В ноябре погода пасмурная, в декабре ненастная, в январе жесткая, в феврале влажная, в марте промозглая, в апреле капризная и так далее. Бывало, он скажет: «Вы же знаете, дорогая, в такую погоду я редко чувствую себя хорошо», и я давай натапливать комнату, как печь в харчевне, — а на дворе июнь! Или целый вечер докучает мне своей кислой миной: «Пожалейте меня, Лотта, в такие месяцы при такой погоде я неспособен ни на какие благие дела» — речь идет об июле или августе, на небе сияет солнце, а я изволь жалеть его.
Я больная женщина, а Гёте здоровый мужчина, который в жизни ничем не болел. Даже я при всех моих недомоганиях не позволила бы себе без конца сваливать все на изморось или духоту. Это свидетельствует о невероятно слабой выдержке, это более чем недопустимая распущенность. Это проявление души, не созревшей для внутренней гармонии, скрывающей от самой себя истинный источник своей хандры, отчего эта хандра сплошь и рядом — и тем необузданнее — прорывается в другой форме. Как однажды остроумно заметила наша любезная Гехгаузен: «Он думает, что его настроение зависит от погоды. Истина же состоит, разумеется, в том, что погода зависит от его настроения».
Да, Штейн, так уж он был создан, а я любила это чудовище всей душой. Он был пуст сердцем, развращен умом, все его устремления были разрушительны.

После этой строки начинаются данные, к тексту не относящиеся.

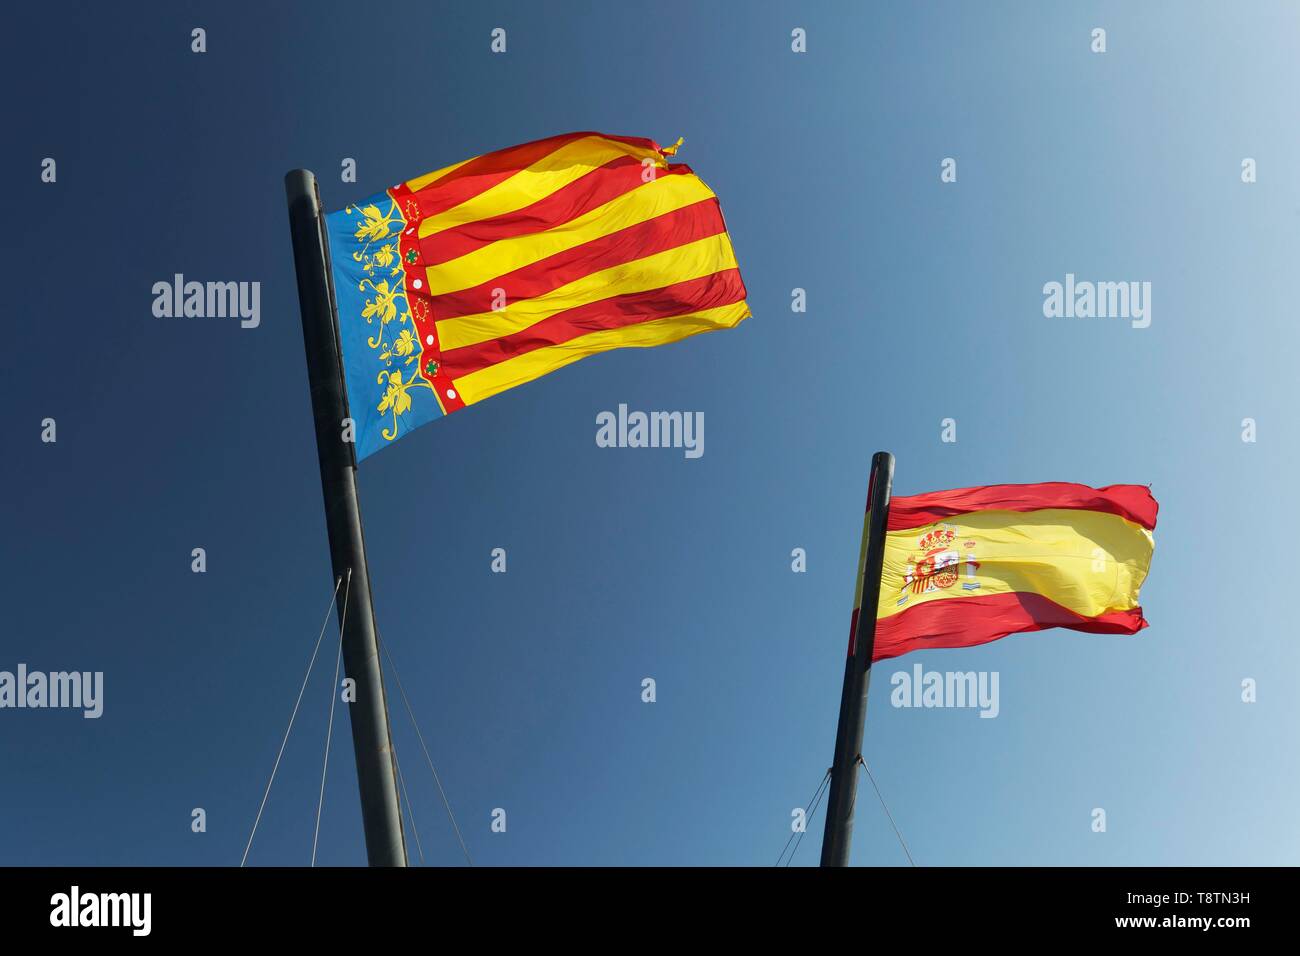 Zwei spanische Flaggen im Wind vor blauem Himmel, Flagge Valencia Flagge Königreich Spanien, Valencia, Spanien Stockfoto

Я хотела удержать его при себе. Я хотела, чтобы он был моим, пока я этого желала, и чтобы я первая сказала: «Прощай». Как случилось, что мне это удалось? Как я ухитрилась совершить это чудо? Что ж, я знаю объяснение. Меня спасло отвращение к его полу. Страх помог мне одержать над ним верх; мое бегство оказалось единственно неотразимой атакой.

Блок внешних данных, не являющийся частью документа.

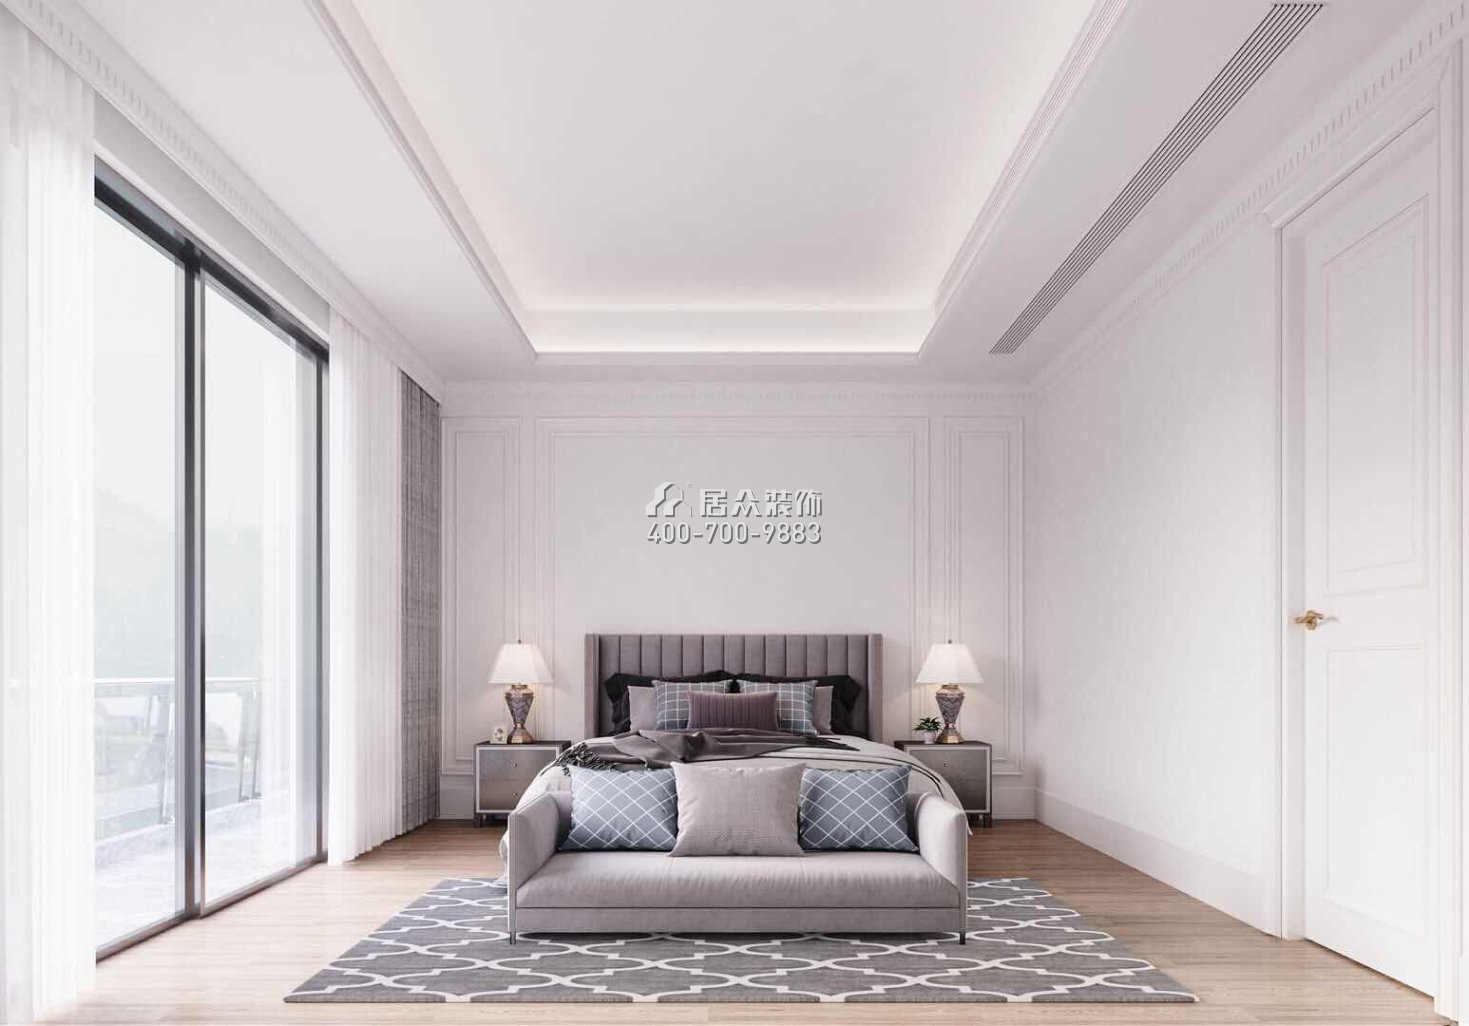 九洲保利天河320平方米現代簡約風格別墅戶型臥室裝修效果圖

Если б я доверилась Гёте, он сожрал бы меня и выплюнул. Я отвергла его и увидела, как в этом человеке, не умевшем любить, вдруг вспыхнуло желание завладеть мною.
Помолчите минуточку — по-моему, я слышу почтовый рожок. Нет? Стало быть, мне померещилось?
Да, с тех пор у меня было достаточно возможностей разработать систему приемов, благодаря которым можно посадить мужчину на цепь. Поскольку он неспособен ни на какое ощущение, кроме самых низменных влечений, женщина должна стать для него задачей. Задаче он не может противостоять. Его мужская природа повелевает ему ее решить — иначе он рискует потерять уважение к себе. Если женщина проявляет стойкость, мужчина страдает: не от любовной муки, отнюдь, но от сознания собственного бессилия. Через некоторое время его вообще занимает уже не женщина, а исключительно он сам. Он любит не женщину, которая ему сопротивляется, но страдание, которое она ему причиняет, а любовь к страданию — это единственный род продолжительной любви.
Еще в самом начале Гёте послал мне одно из своих стихотворений. Кстати, он тем временем его опубликовал, и не без успеха.
Ты, что в горной вышине
Горе ведаешь земное
(И страдающим вдвойне
Облегченье шлешь двойное!)
Я устал от смены вечной,
То восторг, то боль в груди,
Мир сердечный,
О, сойди ко мне, сойди! [56] Перевод В. Левика.
Я читала это не один раз: видите, я помню его наизусть. Разумеется, к писателям в принципе не следует прислушиваться. Они говорят, что хотят. Скажут ли они правду или нет, они выразятся равно удачно; из их речей ничего нельзя извлечь.
Но в этом стихотворении — я сразу почувствовала — была правда. Оно-то вылилось из самого сердца. Этот любимец богов, у которого, казалось, было все, чем может обладать человек, все же нуждался в одном: в душевном покое, а мое решение было неколебимым: не давать его никогда.
Я не более тщеславна, чем подобает женщине, но этим открытием я имею основания гордиться по сей день. Это было подобно наитию или озарению. Все, что я делала, руководствуясь только чувством, вдруг обрело ясность и смысл. Мне открылась вдруг вся жизнь сердца, и я как бы с высоты увидела то, о чем вам только что говорила и чего прежде — до того знаменательного дня — не могла бы выразить.
Гёте привык, что женщины не дают ему прохода. То есть он имел дело с дамами такого сорта, которым преподносил свою страсть и которые отвечали столь жалким «нет», что ему оставалось лишь выждать, пока они рано или поздно со столько же жалким «да» не кинутся ему на шею.
А я вот сказала сначала «да», а потом «нет», и это его озадачило.
Я написала ему письмо, где уверяла, что жизнь, потерявшая для меня всякую привлекательность, снова стала прекрасной, прекрасной благодаря ему, что полгода назад я была готова умереть, а теперь снова живу.